Al engrandecer la técnica su poder hasta el punto de volverse peligrosa, no ya sólo para el hombre, sino para el resto de “las cosas vivas” (léase “la vida”) la responsabilidad del hombre se extiende de tal manera que, por primera vez, tiene alcance cósmico: la aparición de una ética medioambiental en los últimos años da prueba de ello.

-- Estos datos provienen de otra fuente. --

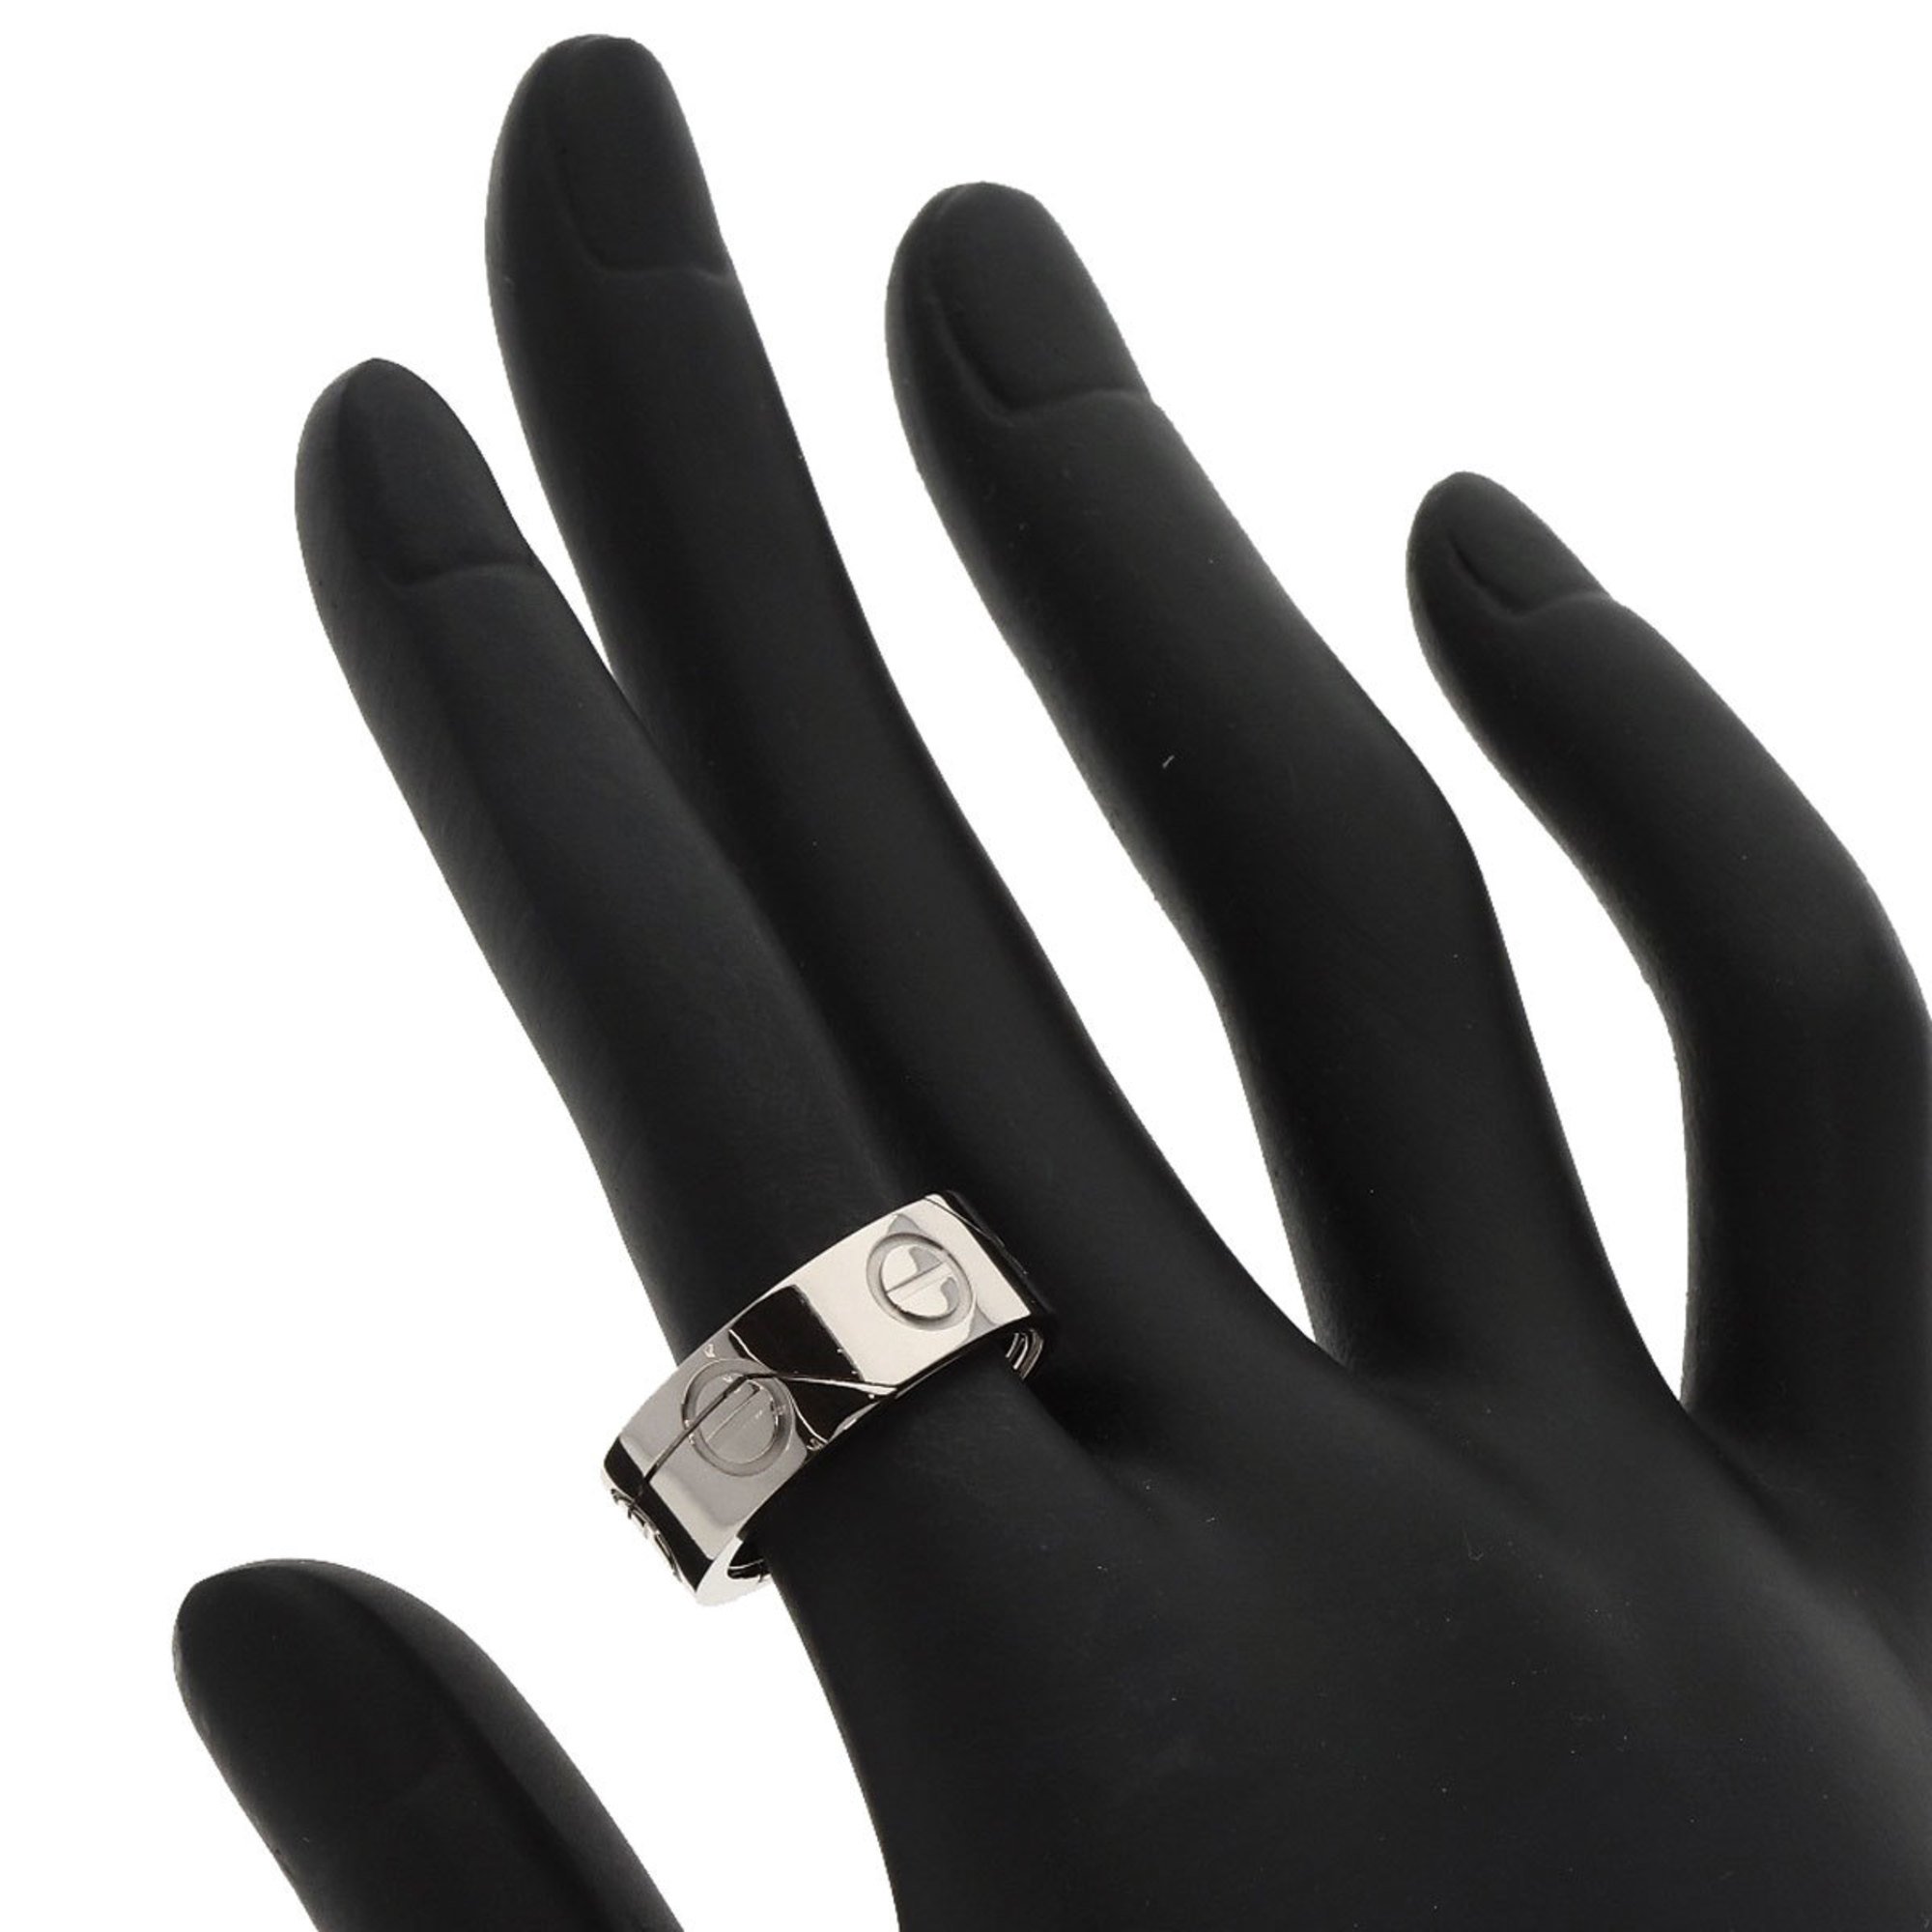 Cartier Astro Love Ring 1999 Limited Edition #51 K18 White Gold Women's CARTIER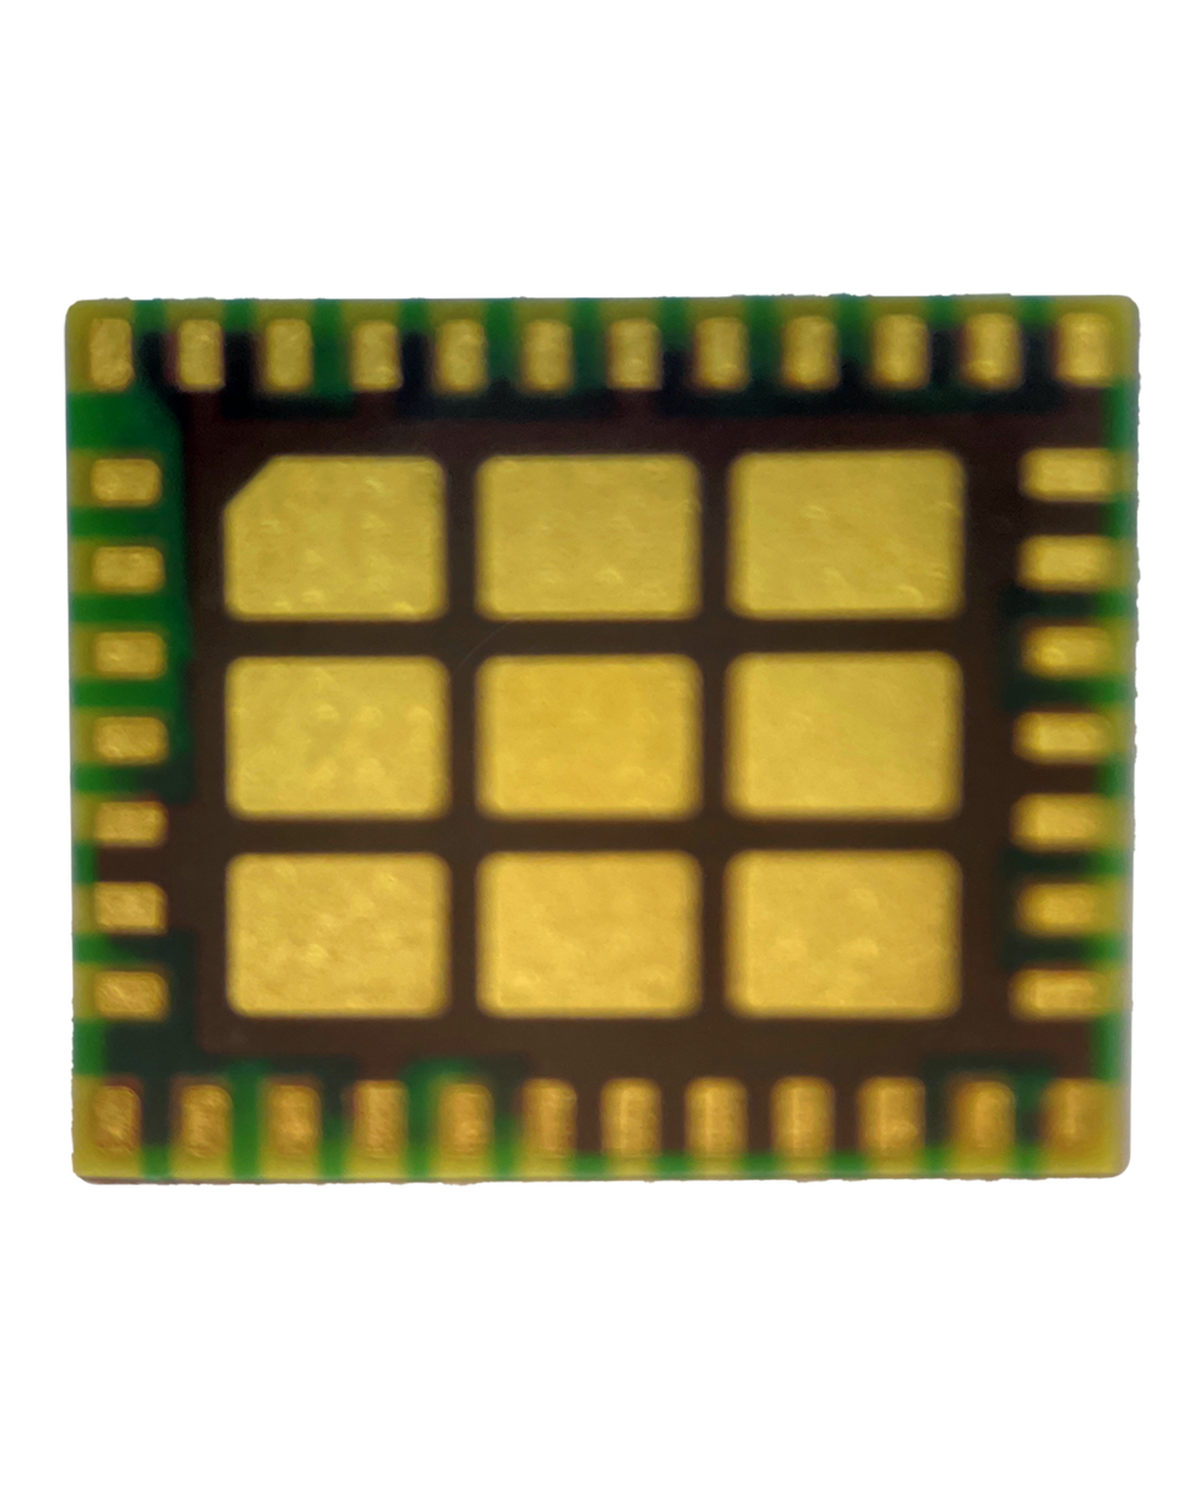 DIVERSITY MODULE IC COMPATIBLE WITH IPHONE 6S / 6S PLUS (UDIVA_RF: HFQSWAHUA-240: 47 PINS)

“Ambivalencia”, “magnitud” o “poder” son términos claves para entender la dificilísima situación en que ahora está atrapado el hombre de ciencia, sobre todo el hombre de ciencia que, como el médico, debe “trabajar” ya: aquí y ahora; con nosotros, y con alta tecnología. El dilema, para Jonas, es que “Mientras el mal hermano Caín -la bomba- yace encadenado en su cueva, el buen hermano Abel -el pacífico reactor- sigue sin dramatismo depositando su veneno para futuros milenios”(36) Sabemos, además, que el “progreso” desplegado por Occidente no admite dar marcha atrás. La humanidad (que se ha vuelto tan numerosa por “virtud” de la técnica) sólo puede caminar hacia delante, y no puede esperar sino de la misma técnica una solución a sus problemas: pero los supuestos beneficios parecieran ser las verdaderas causas de los males (especialmente de los futuros males), por lo que la última esperanza no sería otra que la sabia administración que el hombre podría hacer de lo técnico. Siempre -claro está- que sea capaz de no dejarse manejar por la máquina y, por lo tanto, de recuperar algo de todo lo que él mismo ha puesto en la técnica.